===== INFORMATION SUPPLIED =====

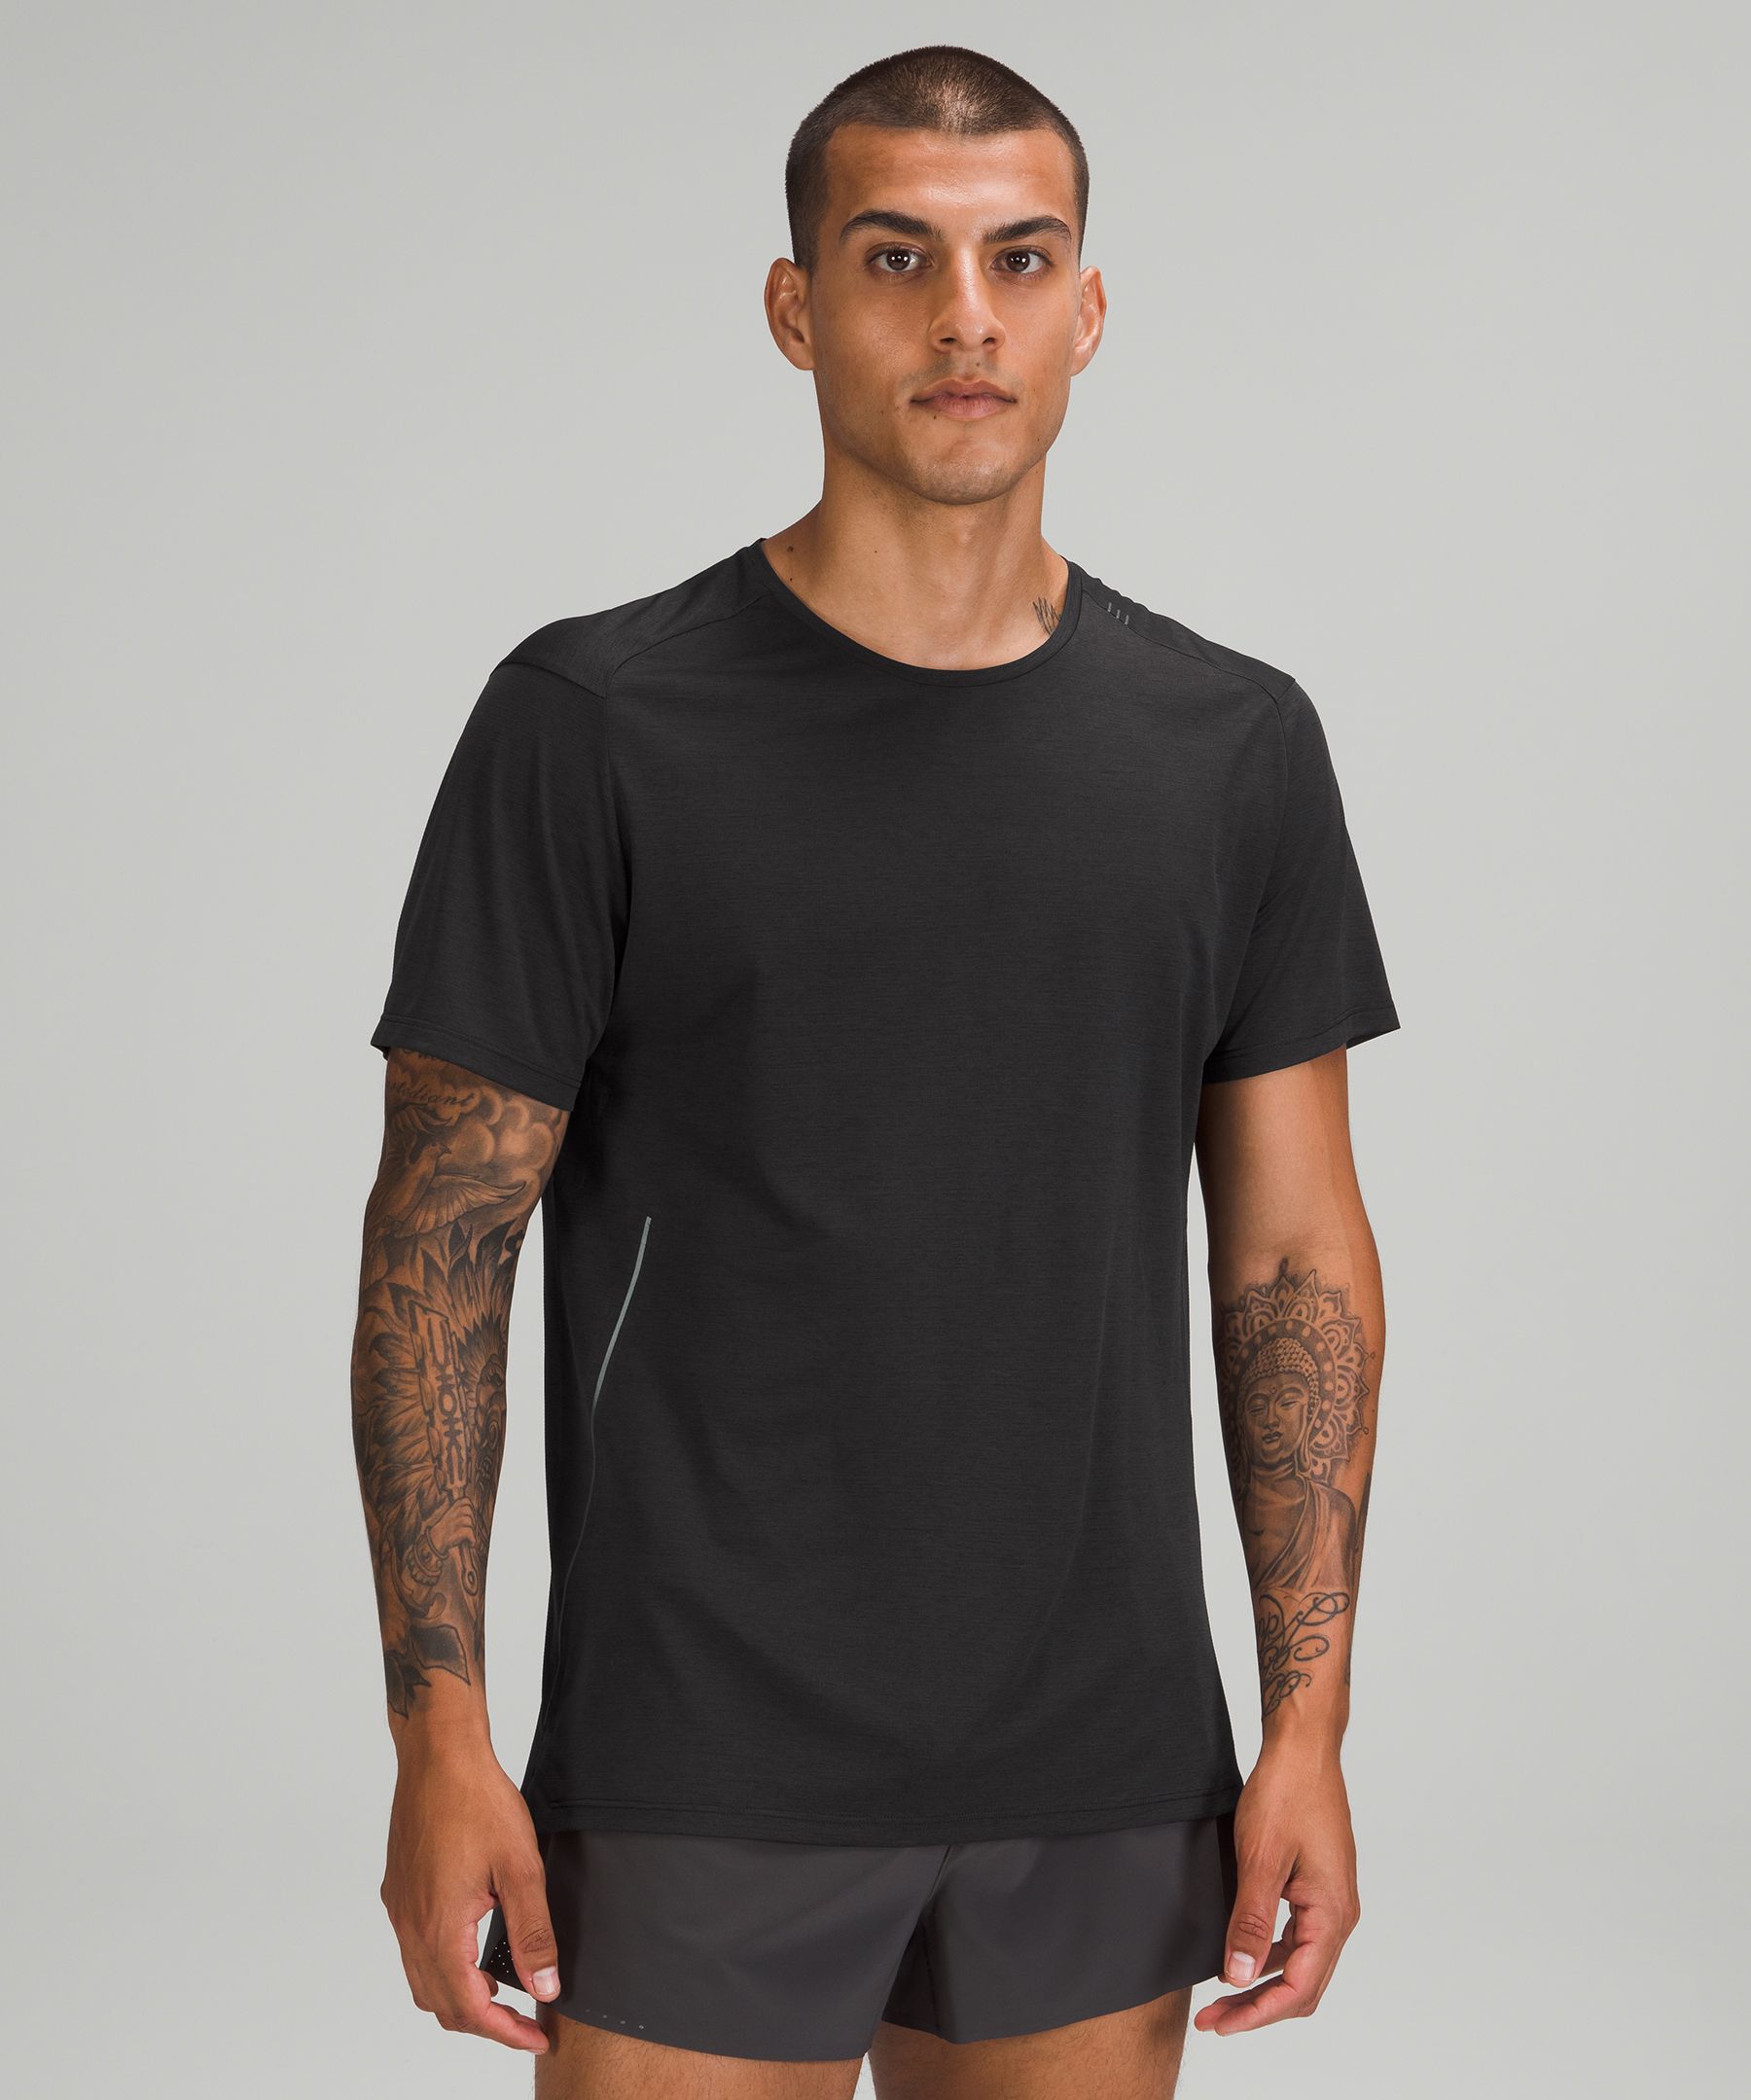 Men's Short Sleeve Shirts | lululemon
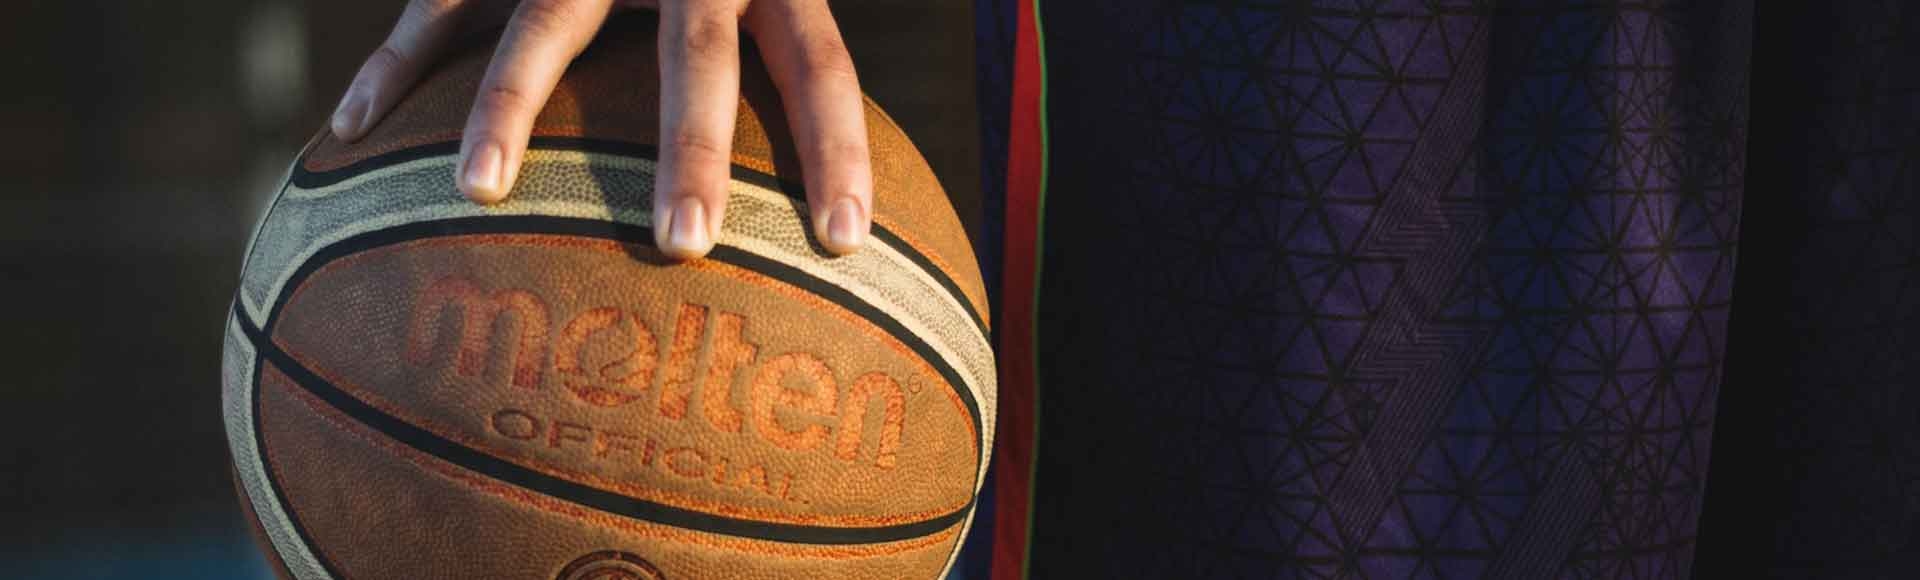 teen gripping a basketball
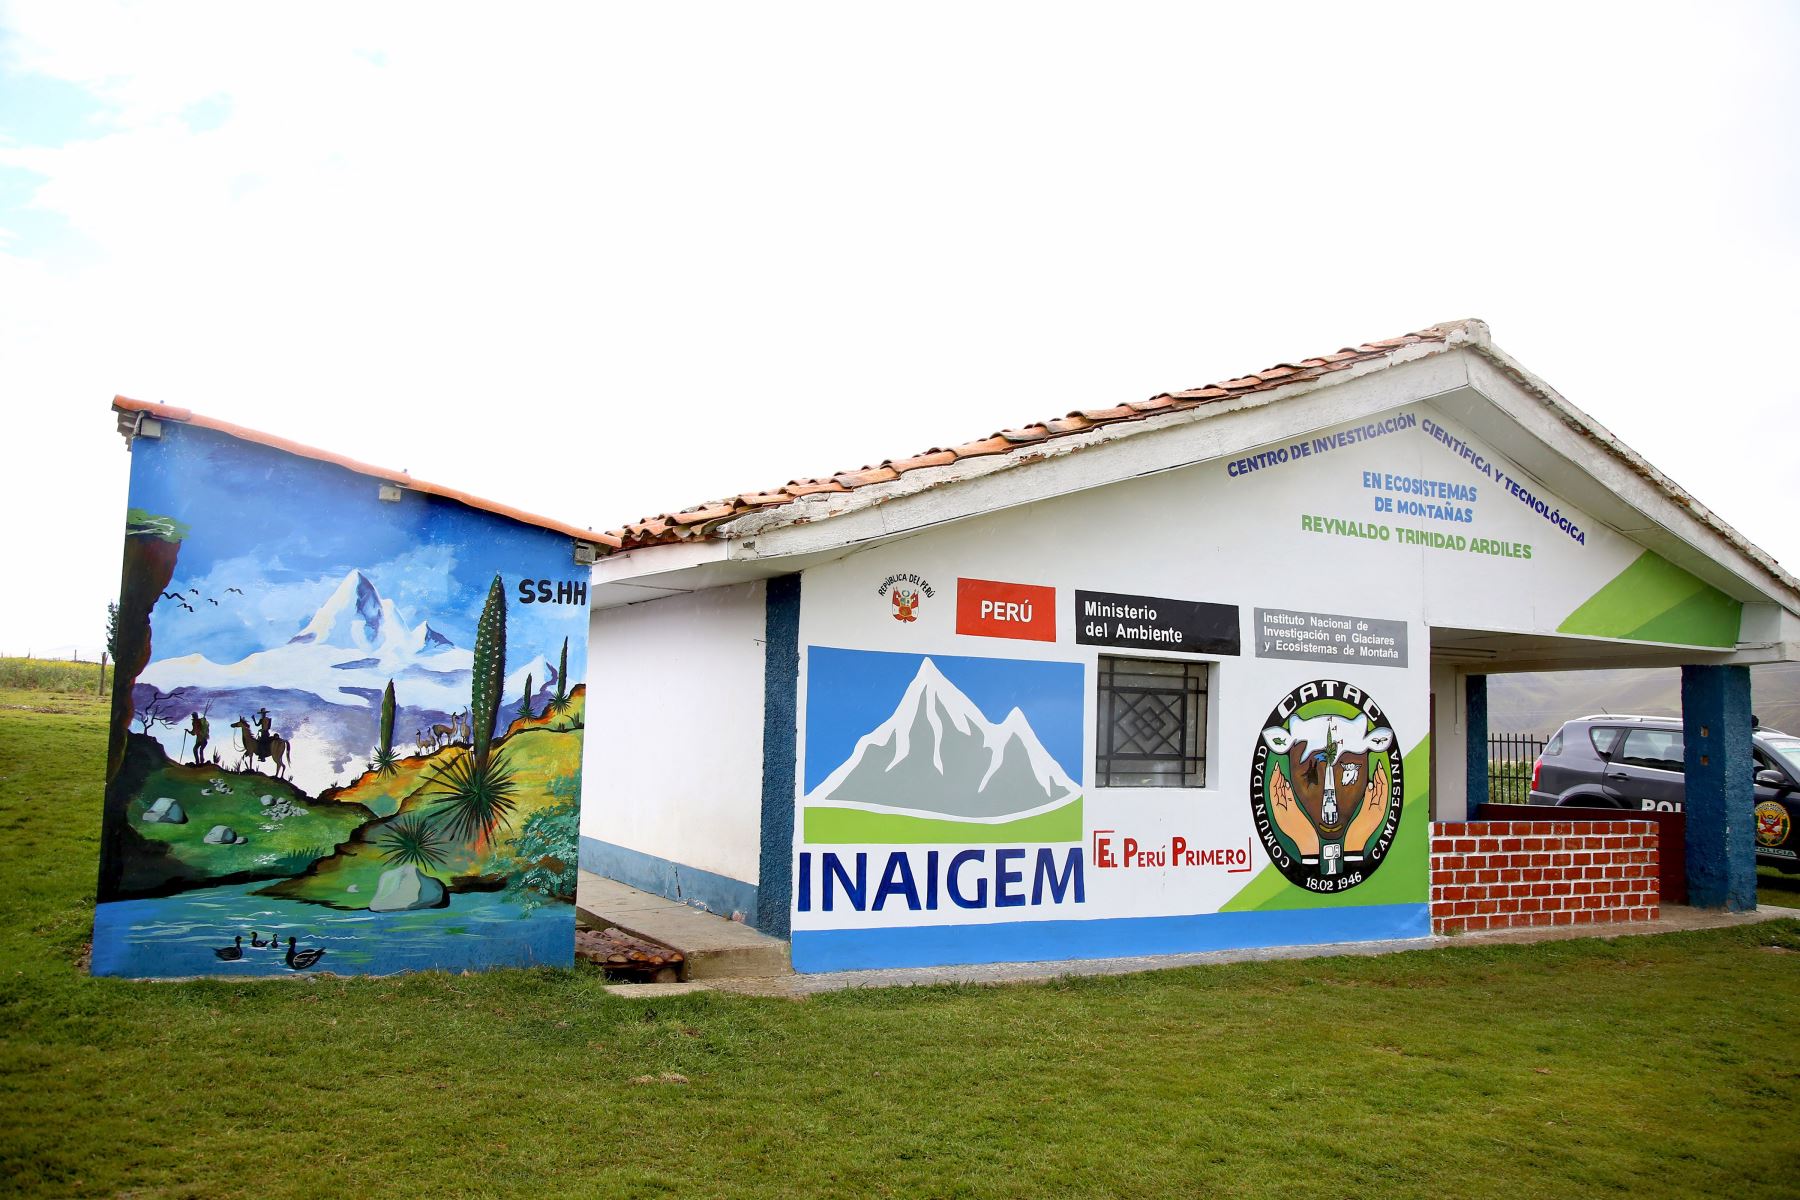 Minam inaugura Centro de Investigación Científica y Tecnológica en Ecosistemas de Montaña (Cictem), que permitirá estudiar los ecosistemas de alta montaña en el Perú. ANDINA/Difusión

=====

## EXERCISE REQUIREMENTS
None of the pictures should appear, though every line of the data above must be reproduced exactly.

## FINISHED EXERCISE
 Men's Short Sleeve Shirts | lululemon
 teen gripping a basketball
 Minam inaugura Centro de Investigación Científica y Tecnológica en Ecosistemas de Montaña (Cictem), que permitirá estudiar los ecosistemas de alta montaña en el Perú. ANDINA/Difusión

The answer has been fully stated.